Wizarat (2013b) stated that an important factor triggering conflicts are the mineral and fuel resources in the LDCs, which can be gauged from their large and highly significant coefficients estimated at 1.258376 and 1.418989 respectively. These empirical findings are corroborated from information coming from countries under occupation like Afghanistan and Iraq. In Afghanistan, behind the smookscreen of finding Al Quaida and making the world a safe place, the US is looting lithium which is abundantly found in that country and can be used in the manufacture of hydrogen bombs in addition to other uses. Moreover, US has stored oil reservoirs along the sea shore from San Francisco to Los Angeles that it has looted from Iraq. So the pursuit of Al Quaida and other radical muslims is really a smoke screen that is taking NATO and rich western countries every where where there is fuel, coal, gas and minerals owned by people who do not have the brute force to defend their natural resources. The DCs are thus the major beneficiaries of conflict that is enveloping the world today on account of increase in the output of the industrial military complex and enabling the DCs to take control of natural resources from natural resource rich LDCs that do not have the means to protect these.

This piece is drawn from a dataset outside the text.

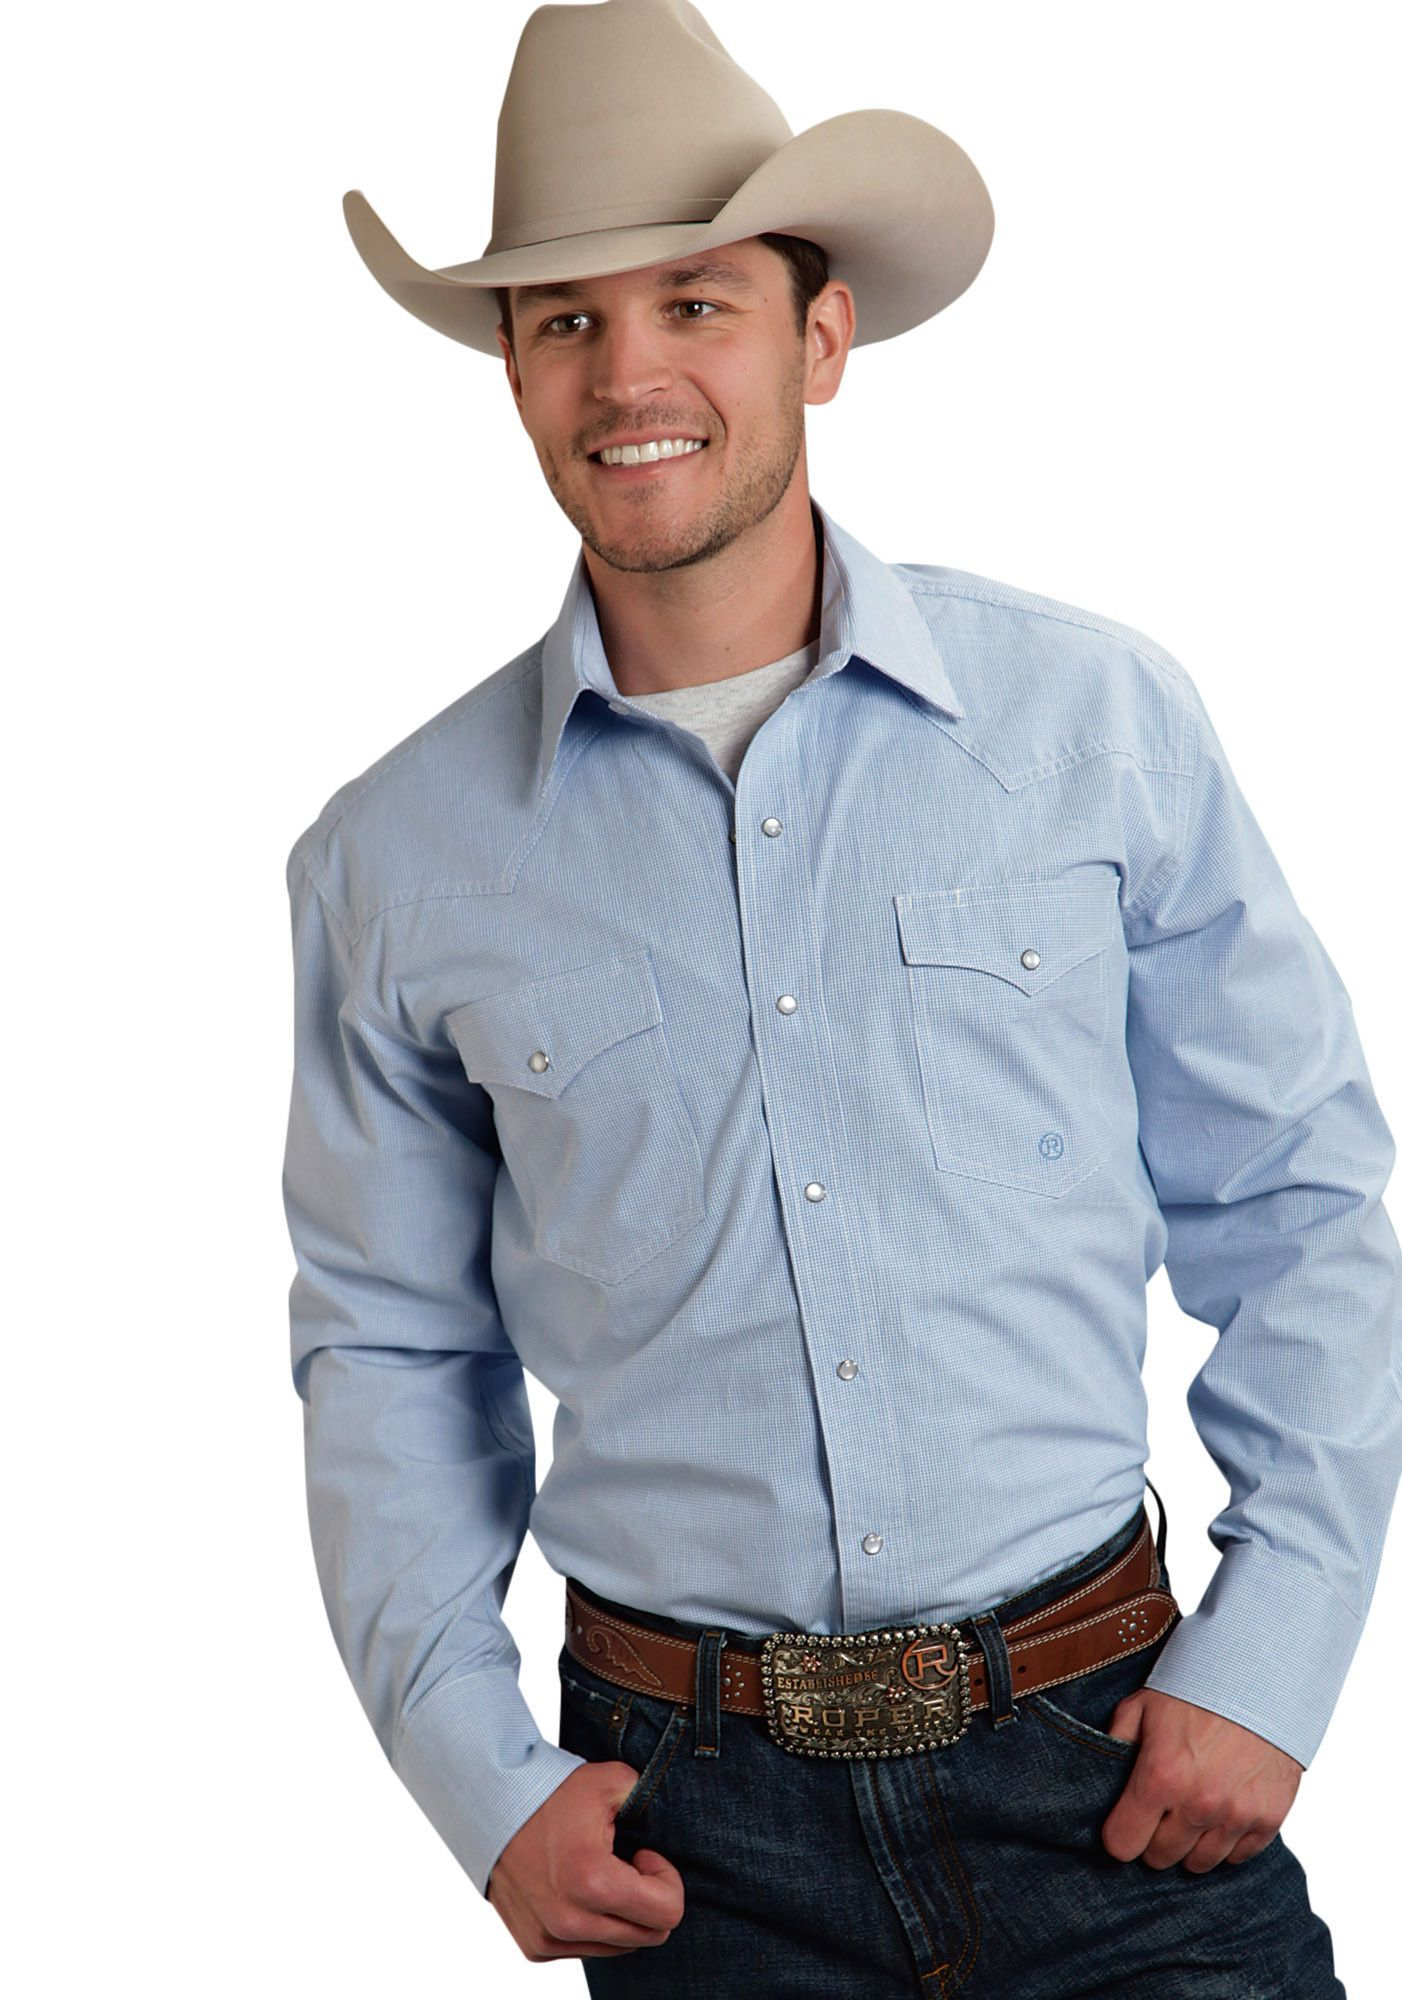 38583d6acb Roper Mens 9596 Mini Checks - Blue Amarillo Blue Horizon Long Sleeve Shirt  Snap Closure - 2 Pocket

IV. Challenges on Account of Limits to Growth Theory
We live in a world order designed and implemented by major world powers, which post 9/11 means a sole super power, aided and abetted by its surrogates in the European Union. In order to understand the present world situation it is important to have information about concerns and problems to these powers. In these countries there are strong network s between academics, think tanks and policy makers. Policy recommendations derived from studies are used to formulate policies not only for the countries, but since these countries happen to formulate international world order, they are used for that purpose as well.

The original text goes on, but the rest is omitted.